### WHAT THIS TASK INVOLVES
Only the lines of the listing below that run from the line with "Two people boarding" through the line with "Group of tall" are to be set down, word for word. Pictures stay out.

### DATA PROVIDED
Content starts

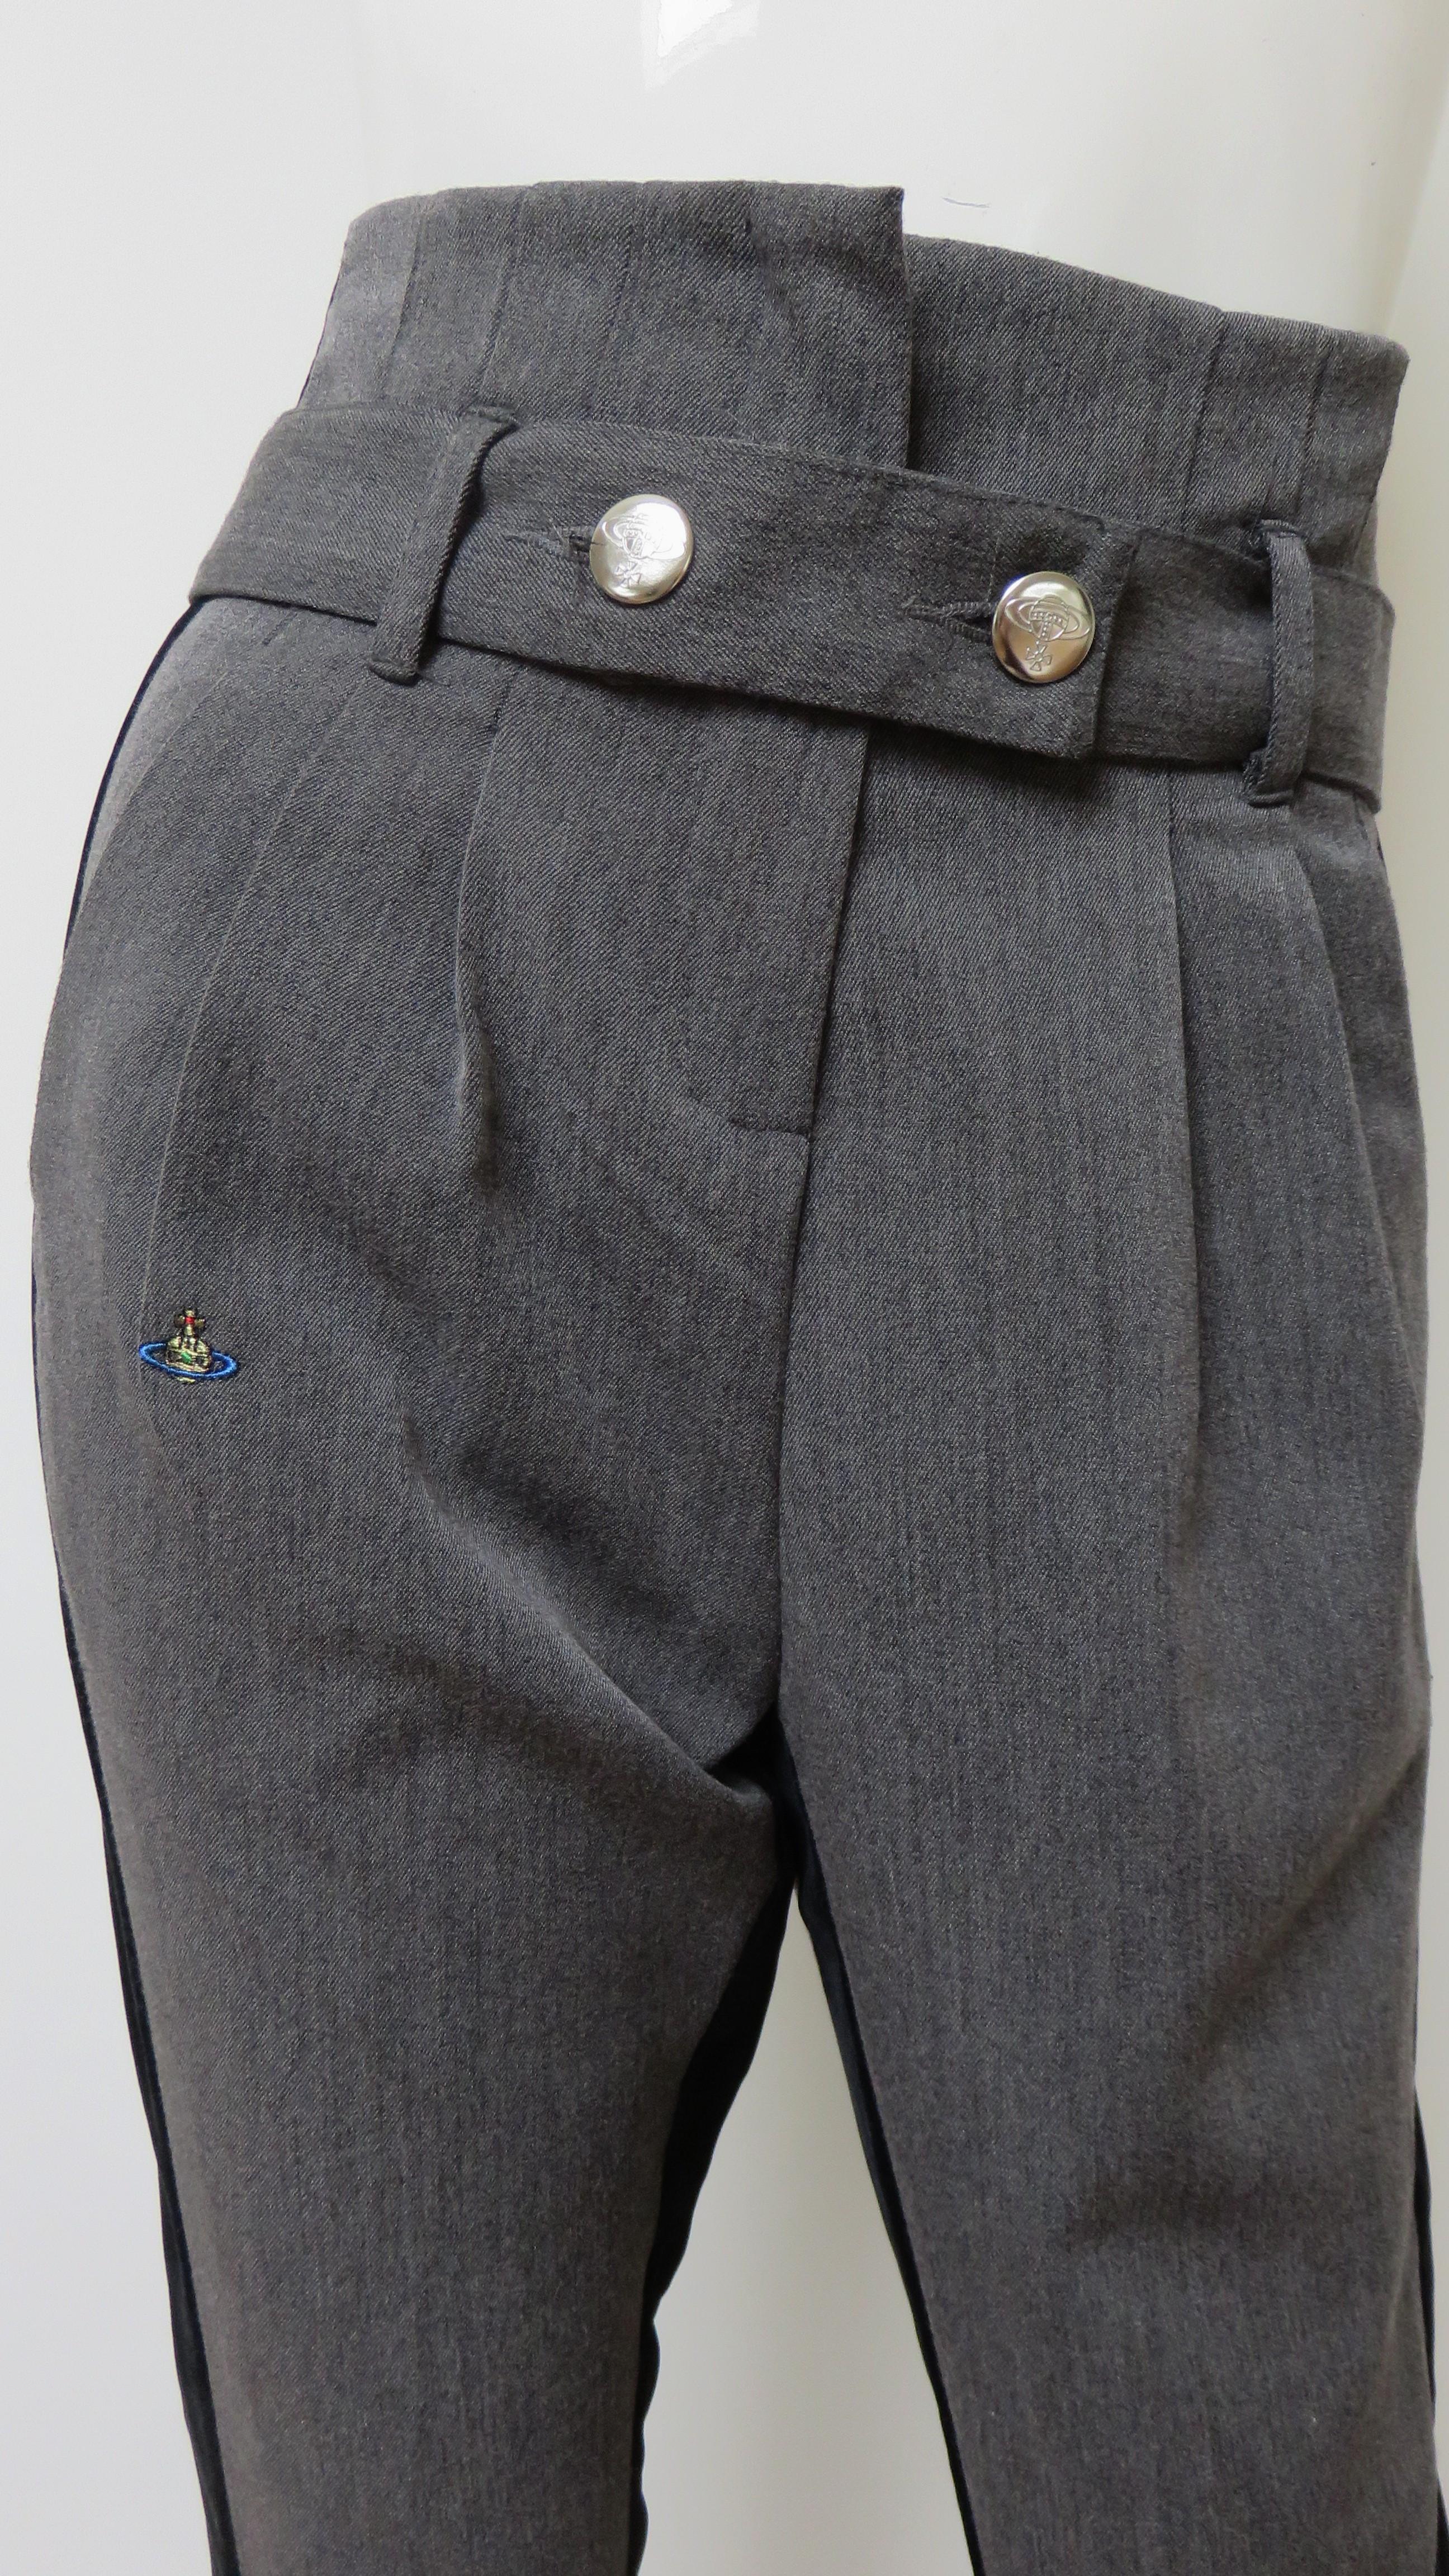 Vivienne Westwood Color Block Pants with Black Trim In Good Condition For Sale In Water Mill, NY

Content ends
Content starts

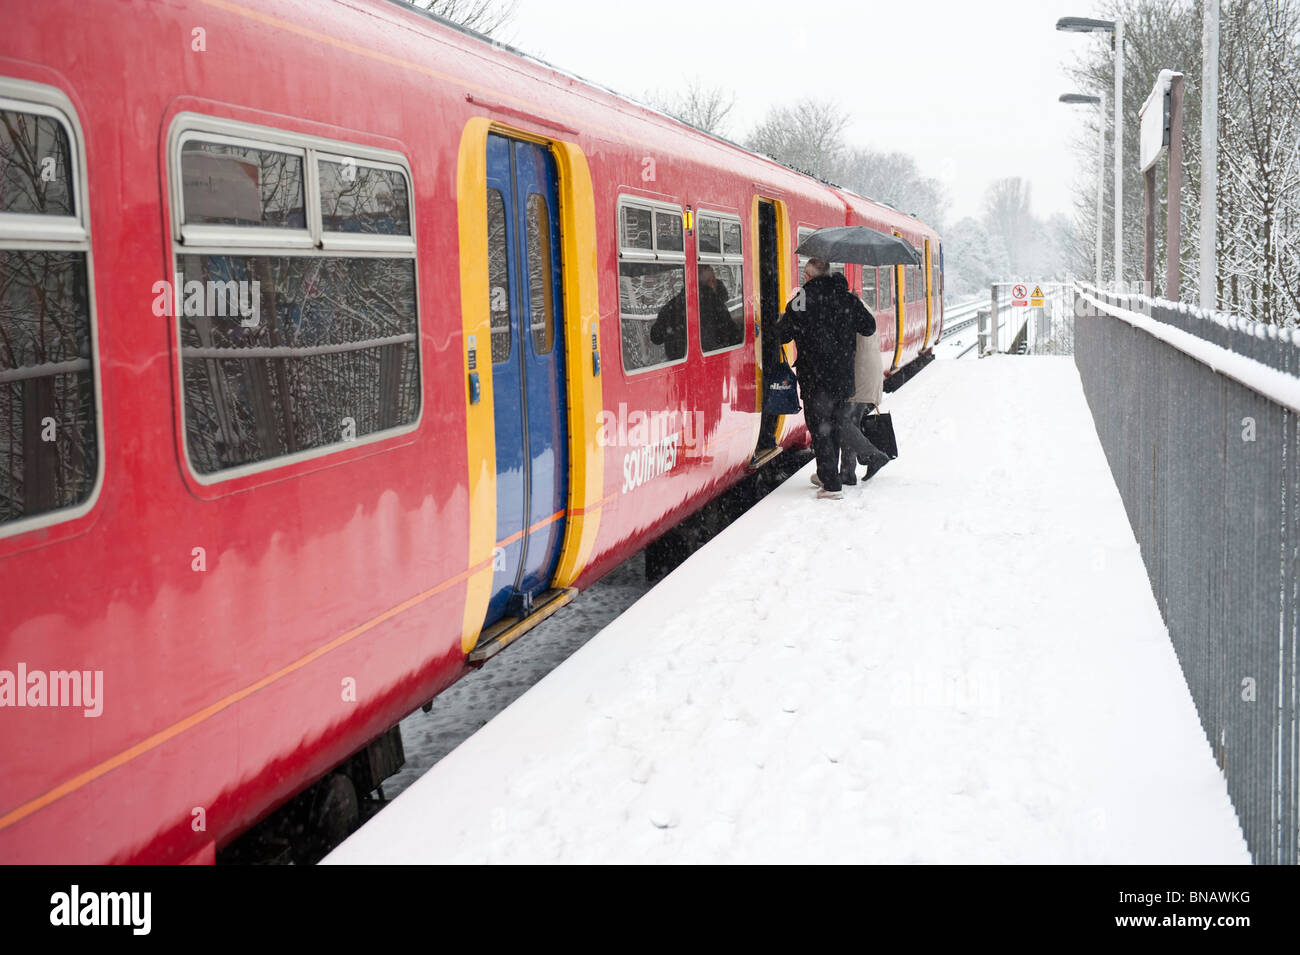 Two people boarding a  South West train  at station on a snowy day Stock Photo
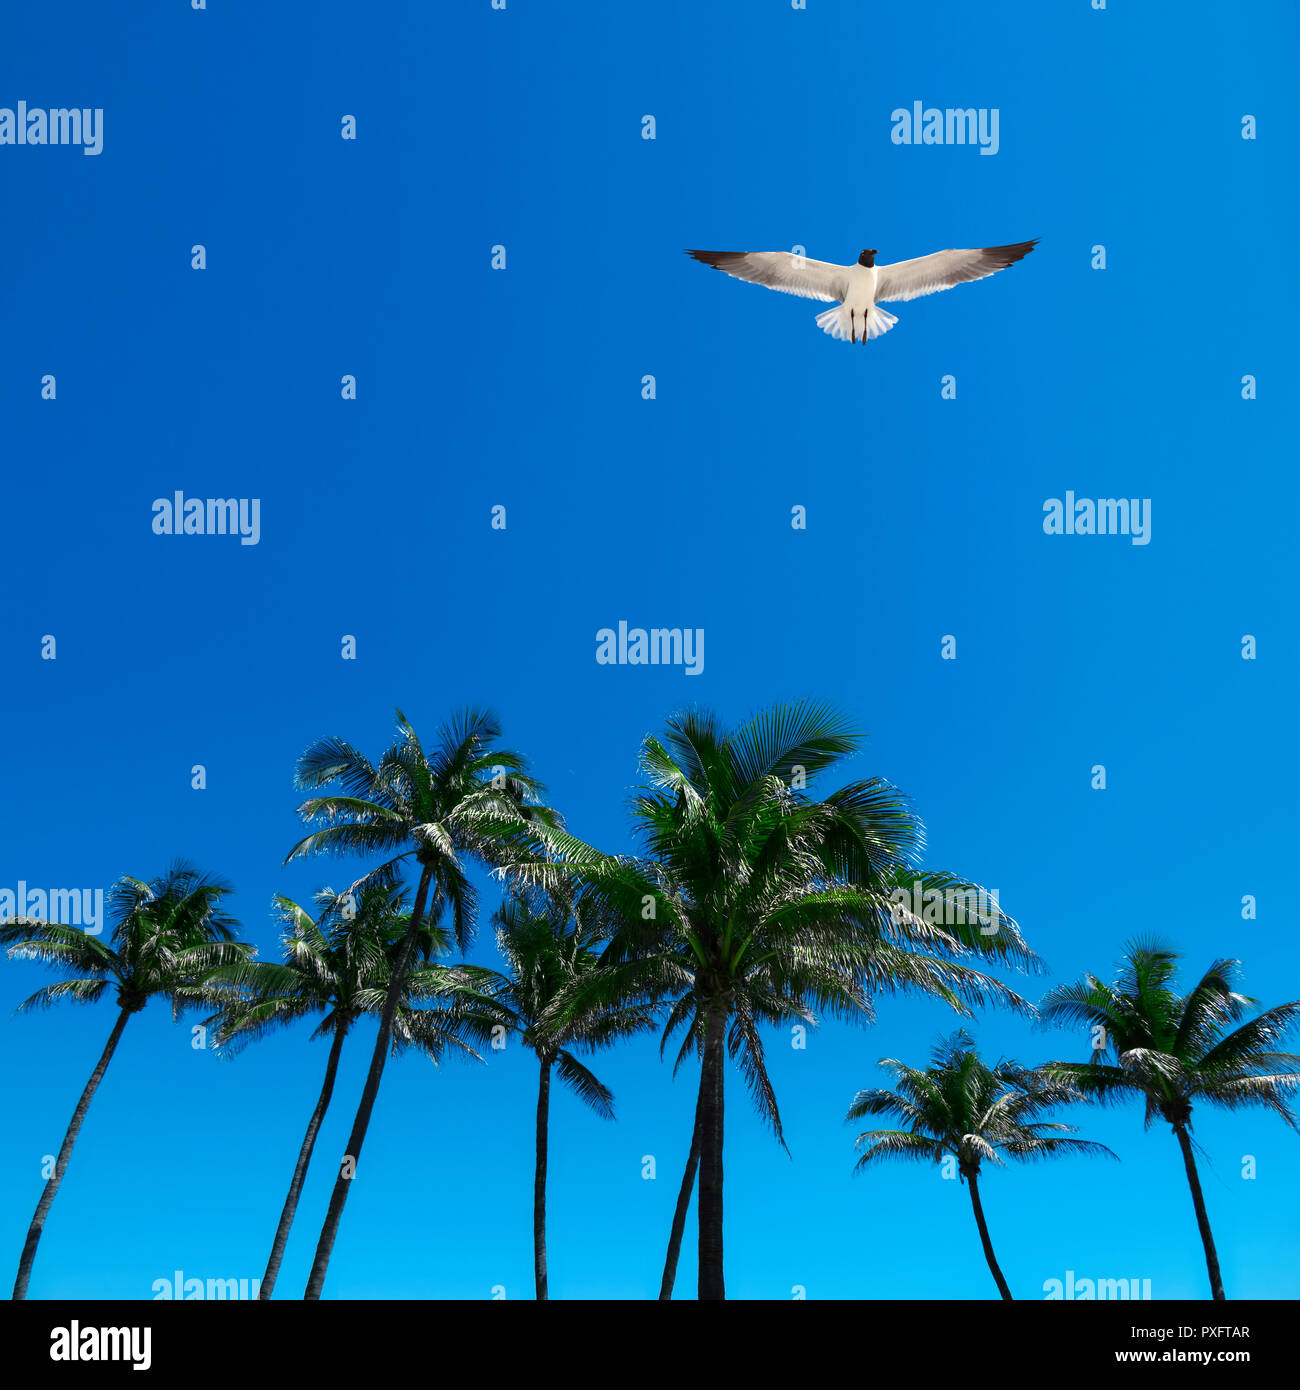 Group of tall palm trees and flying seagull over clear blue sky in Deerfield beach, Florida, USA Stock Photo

Content ends
Content starts

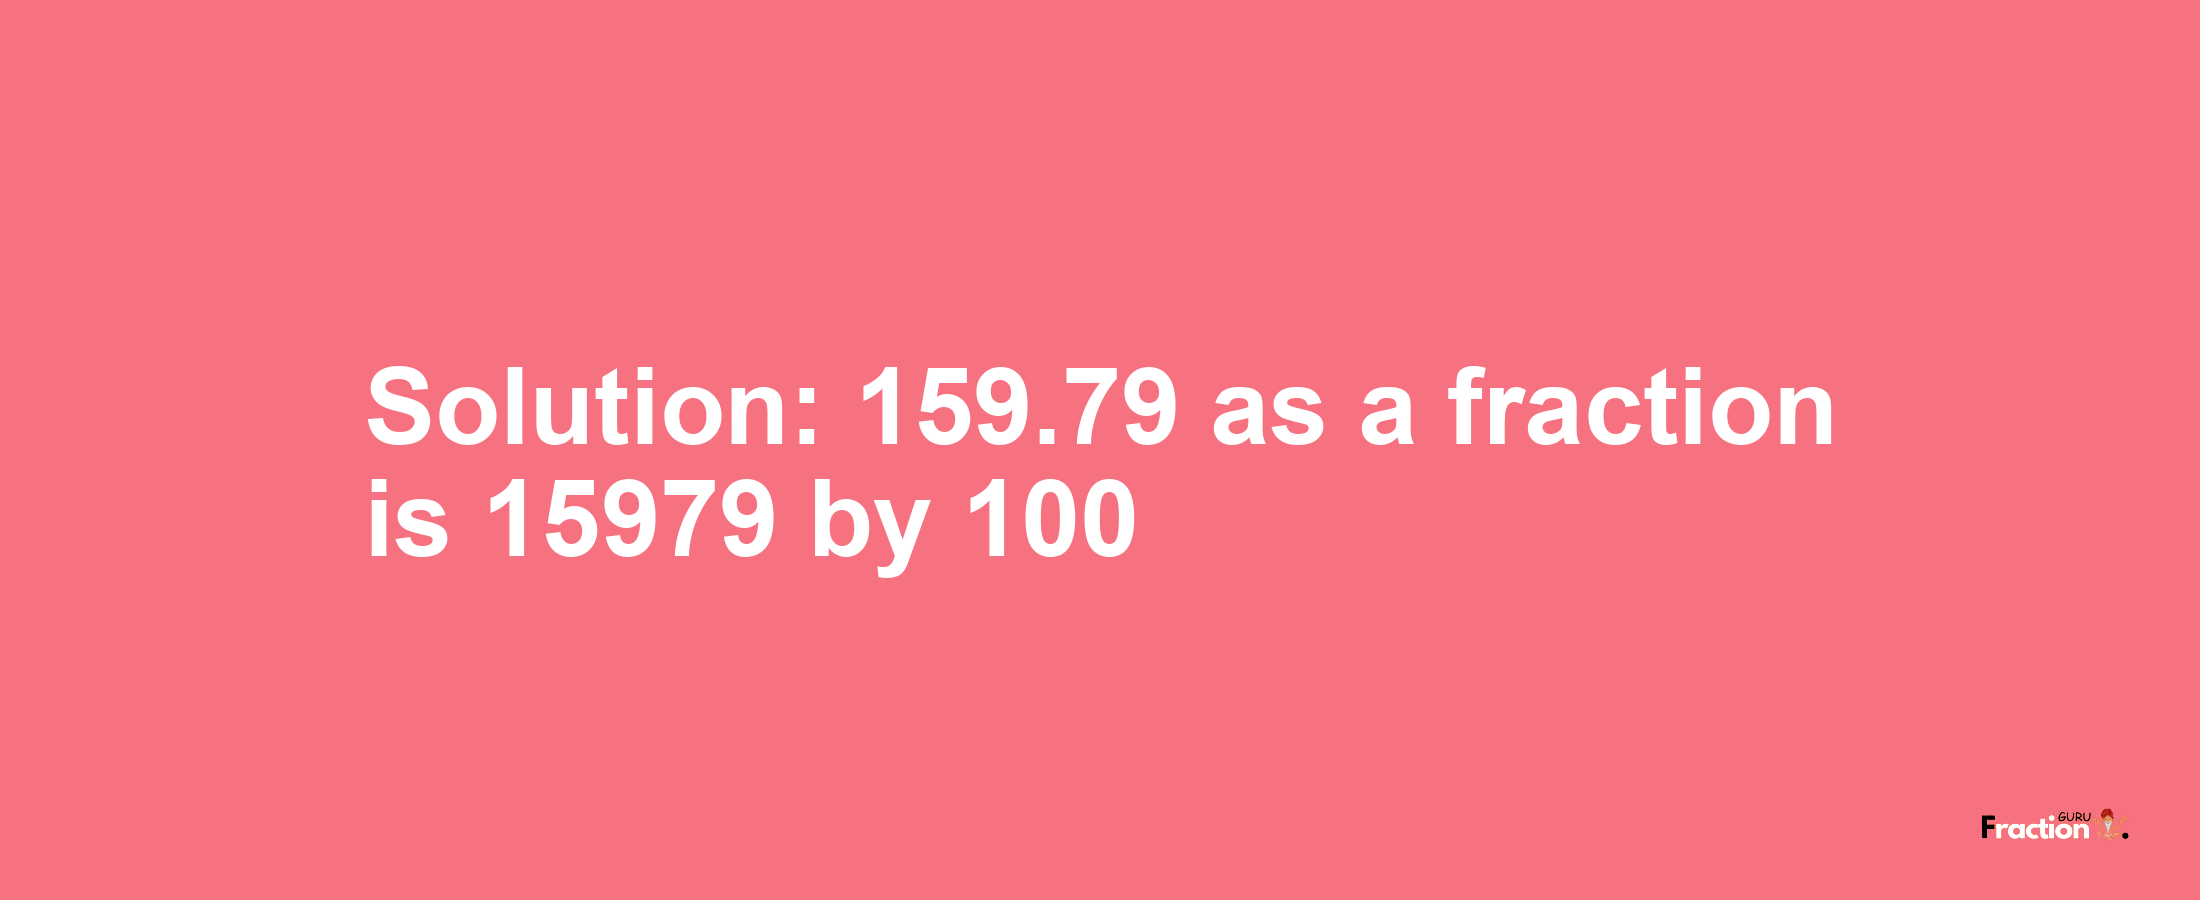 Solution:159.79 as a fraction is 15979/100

Content ends

### WRITTEN REPLY
 Two people boarding a  South West train  at station on a snowy day Stock Photo
 Group of tall palm trees and flying seagull over clear blue sky in Deerfield beach, Florida, USA Stock Photo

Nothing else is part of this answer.